[Dataset extract]

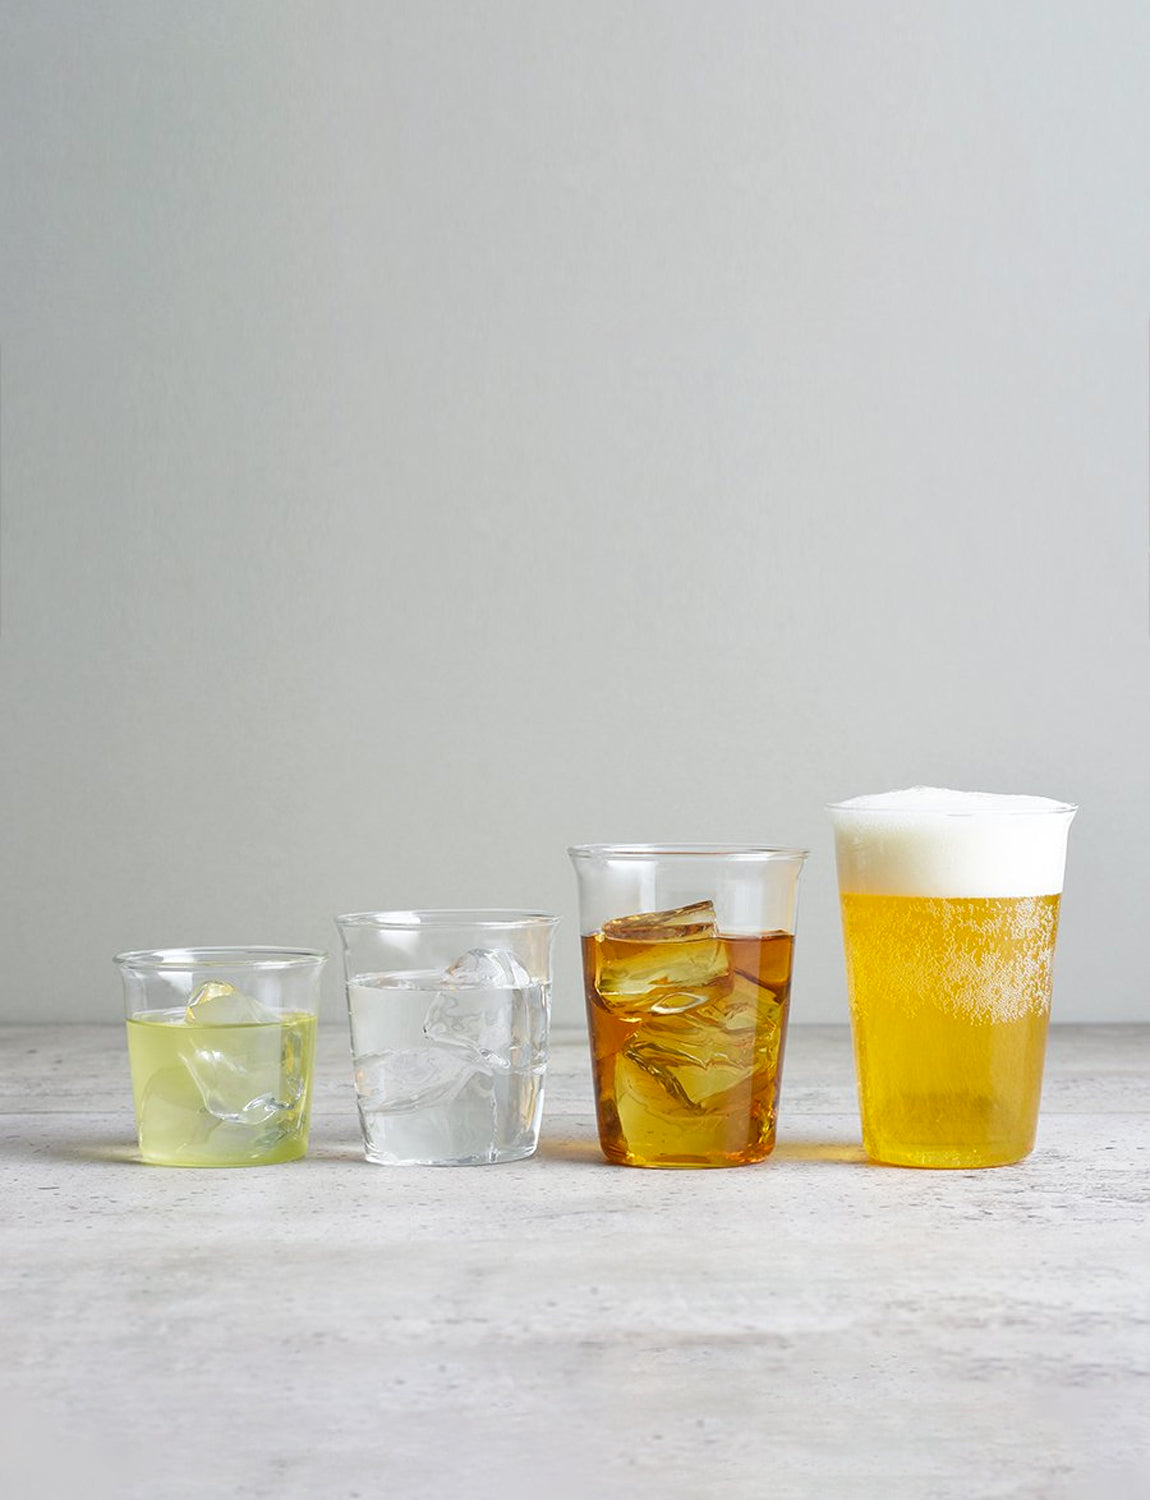 Kinto Cast Iced Tea Glass 350ml / 12oz
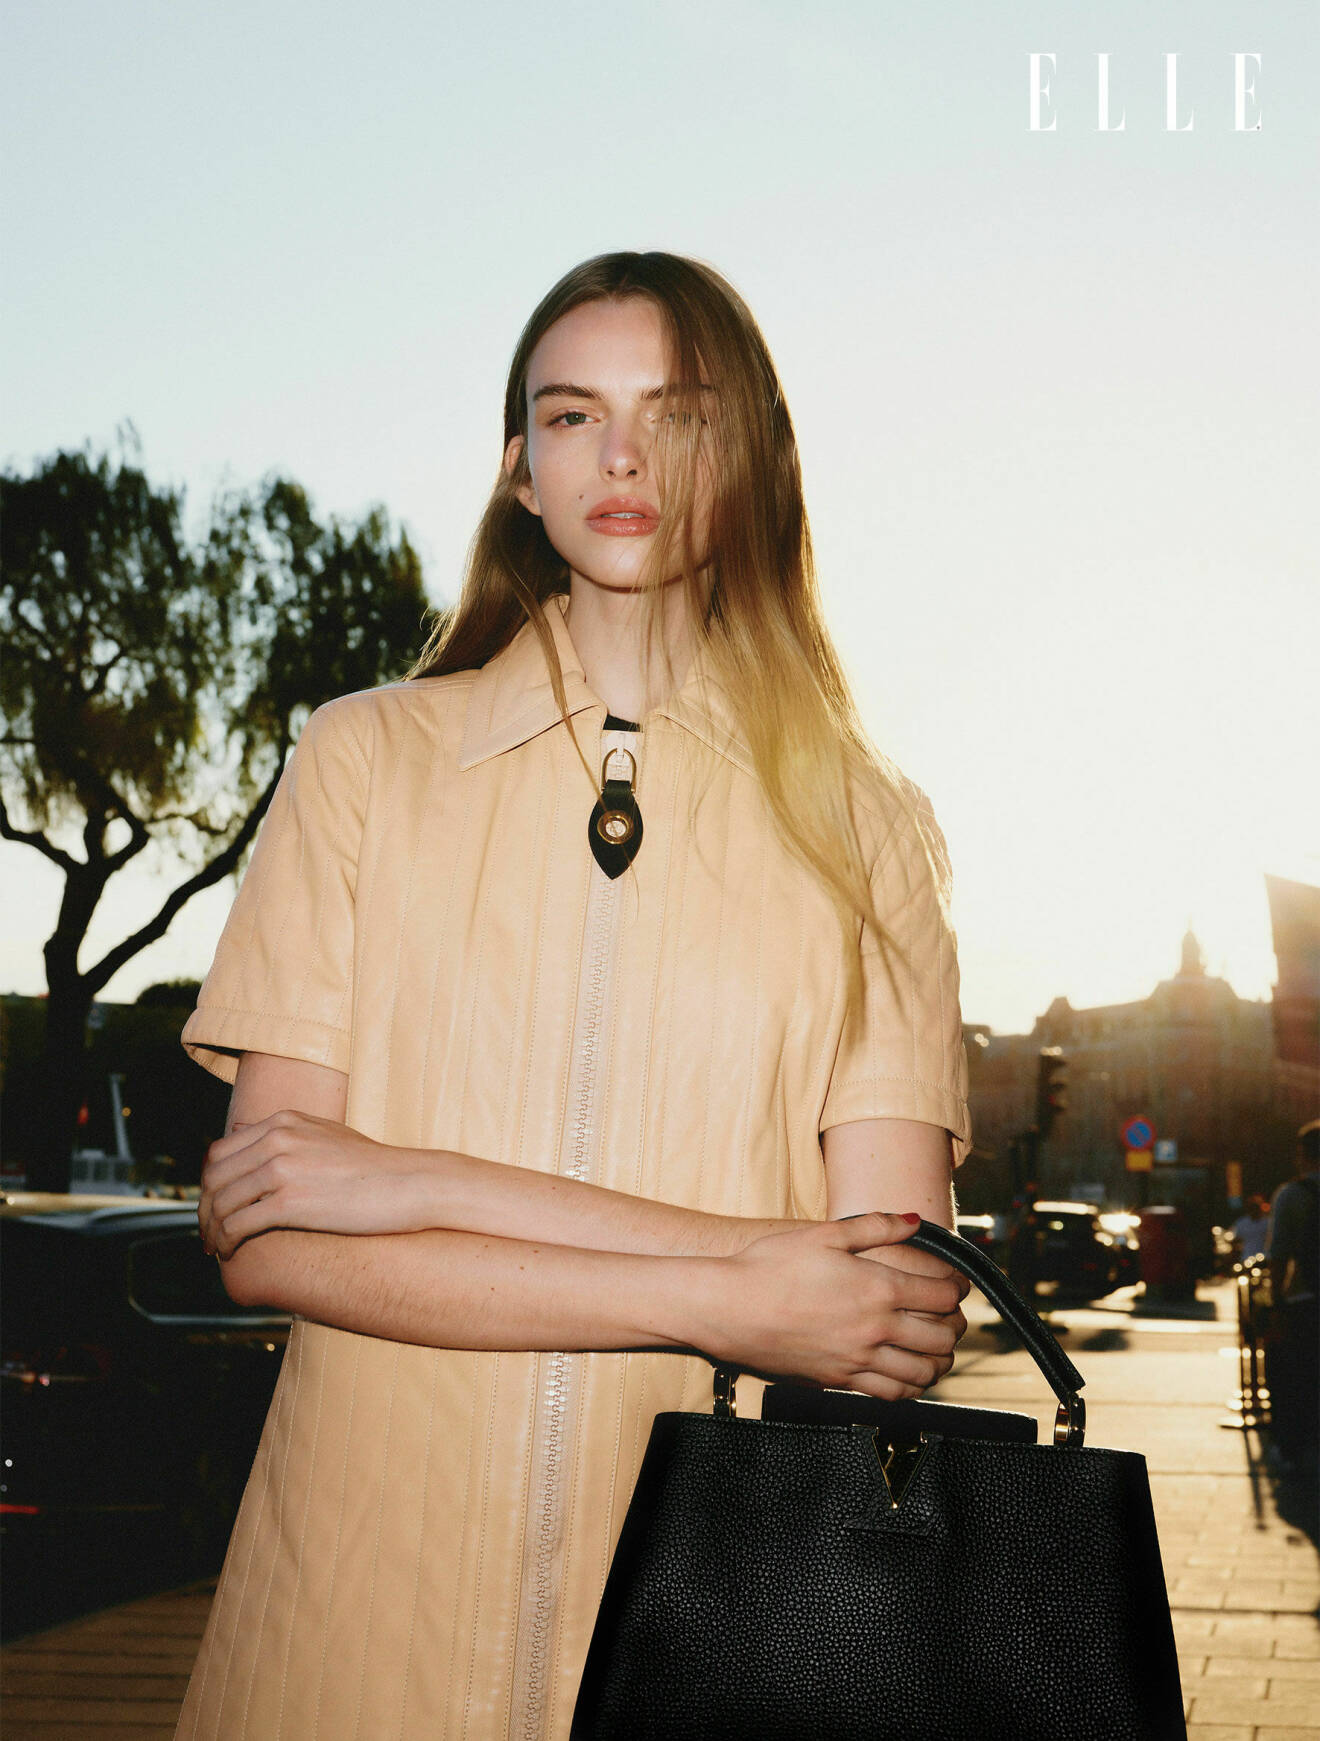 Fotomodellen har på sig en beige klänning och har en svart väska på armen, båda från Louis Vuitton.
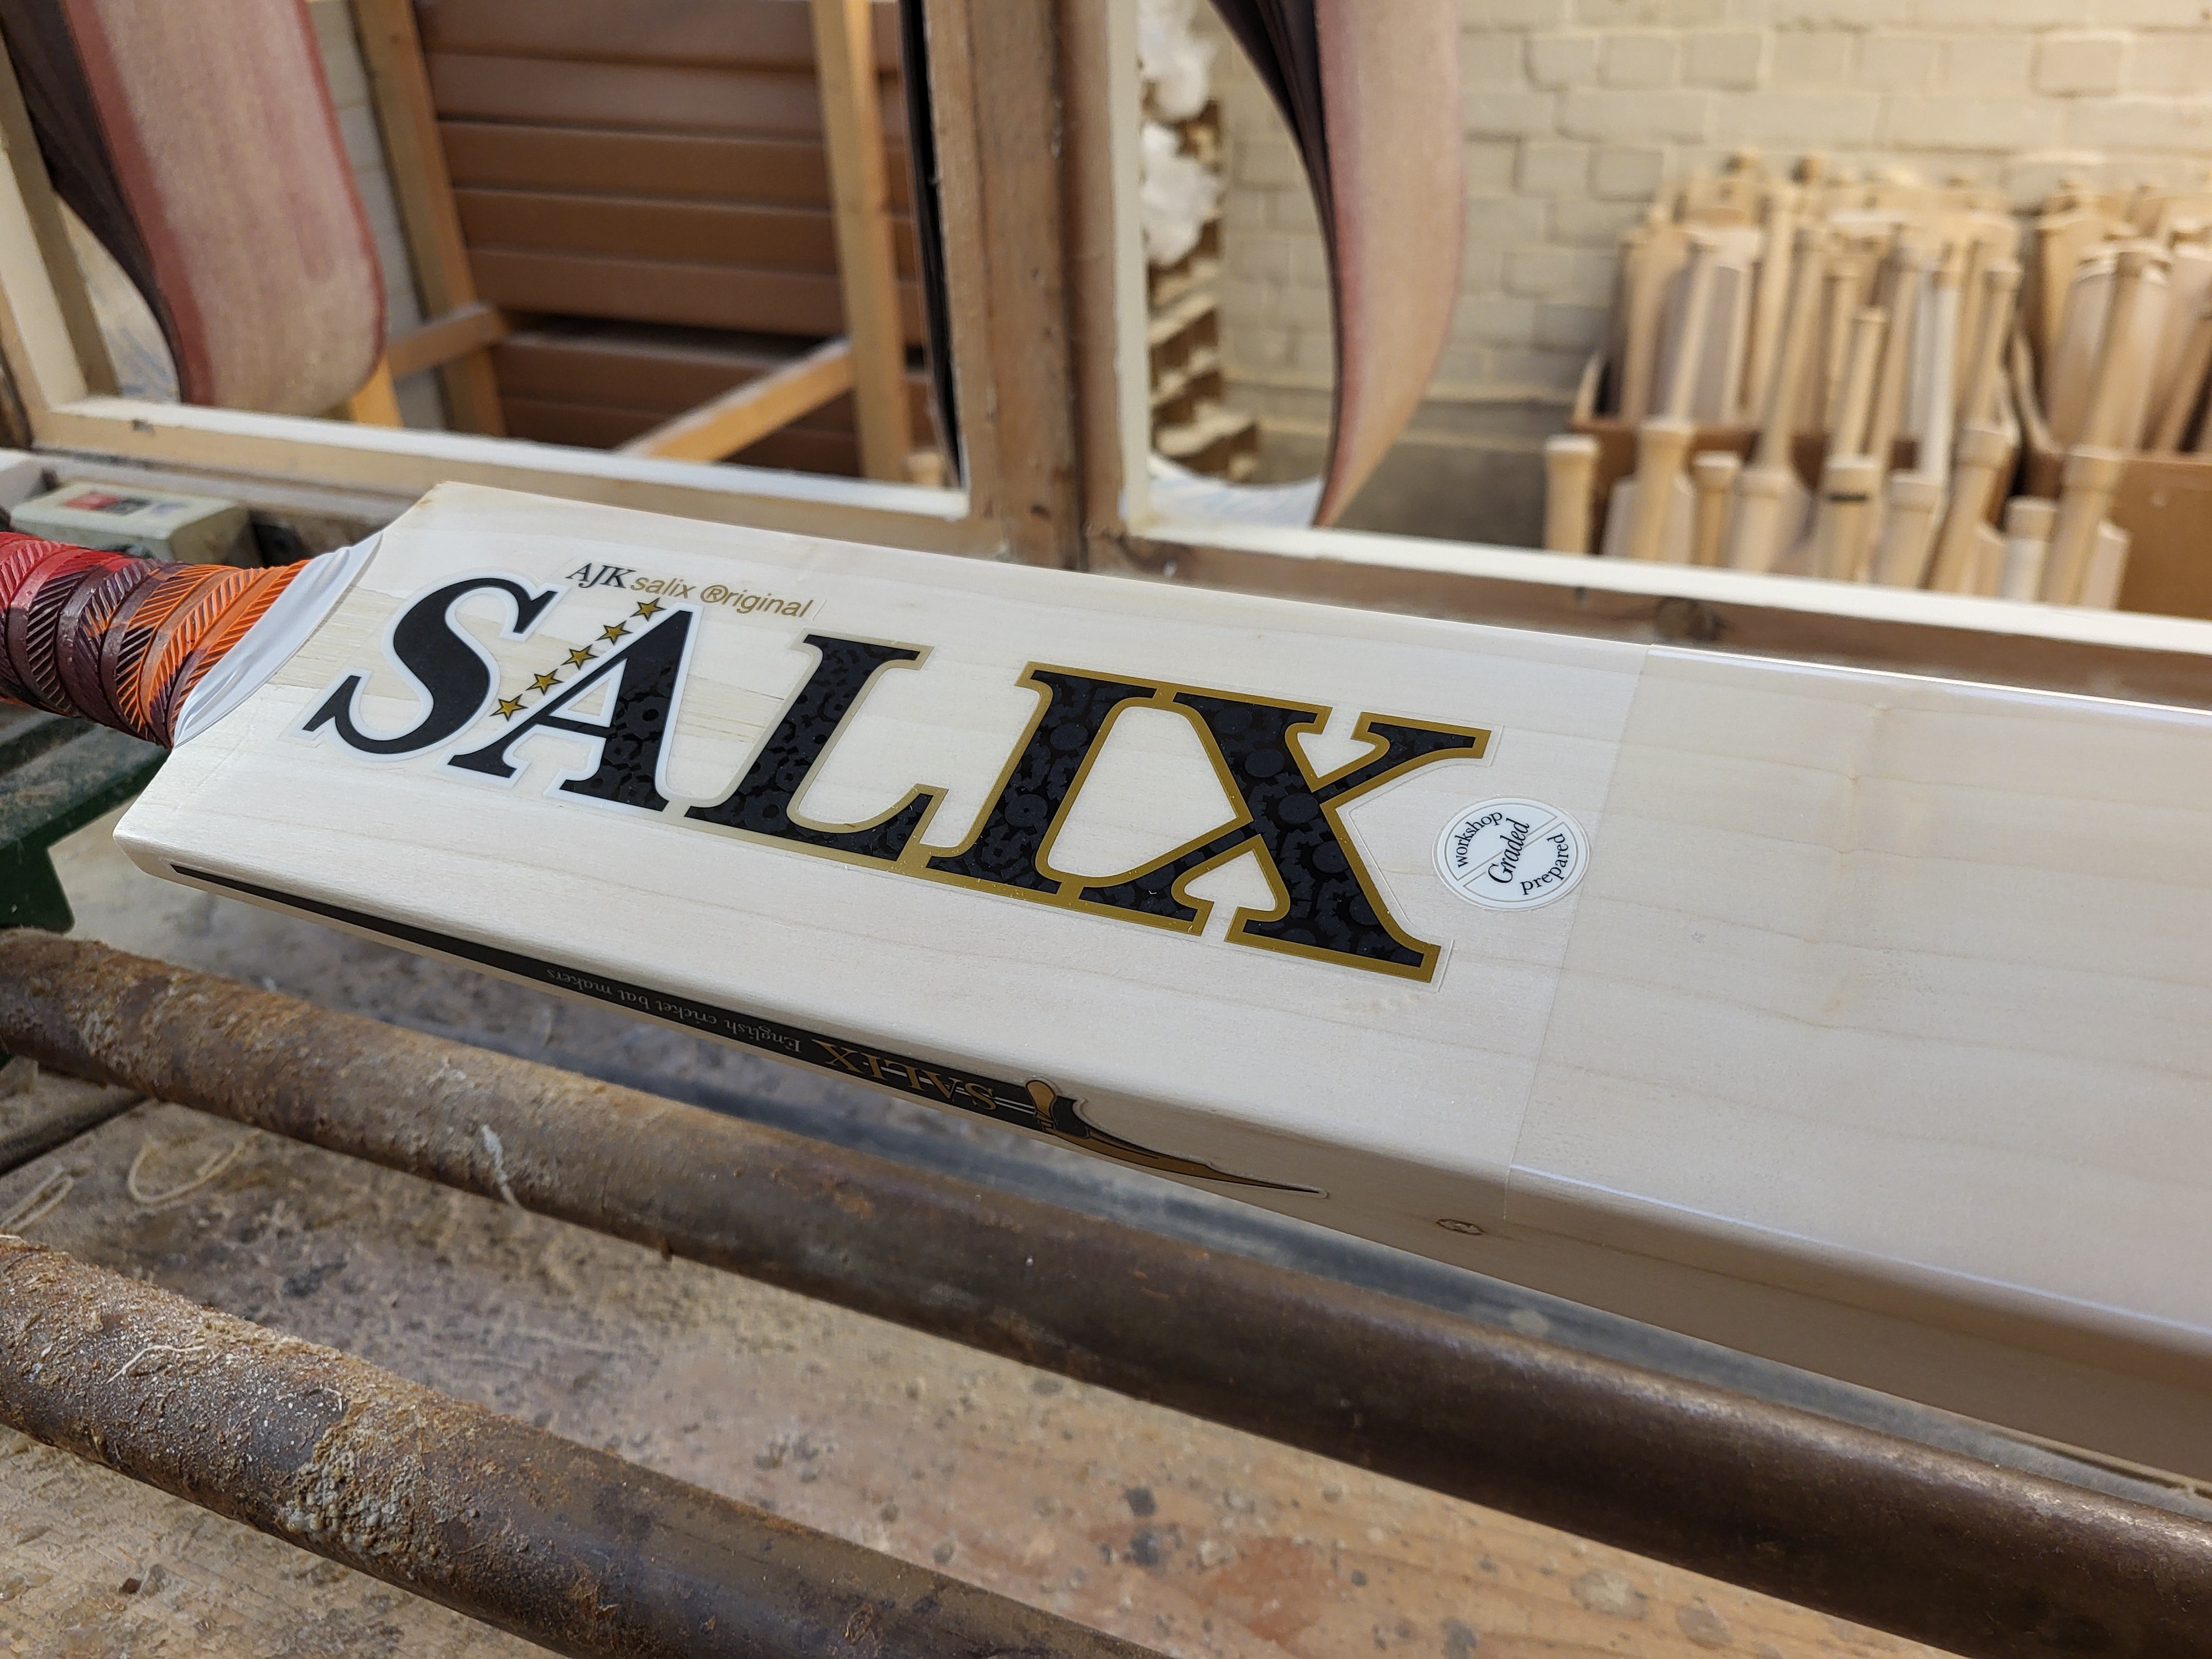 Salix AJK Graded Junior Cricket Bat - The Cricket Store

[/Dataset extract]

Task
Leave the images out as you retype each line of the material exactly.

Result below
 Kinto Cast Iced Tea Glass 350ml / 12oz
 Fotomodellen har på sig en beige klänning och har en svart väska på armen, båda från Louis Vuitton.
 Salix AJK Graded Junior Cricket Bat - The Cricket Store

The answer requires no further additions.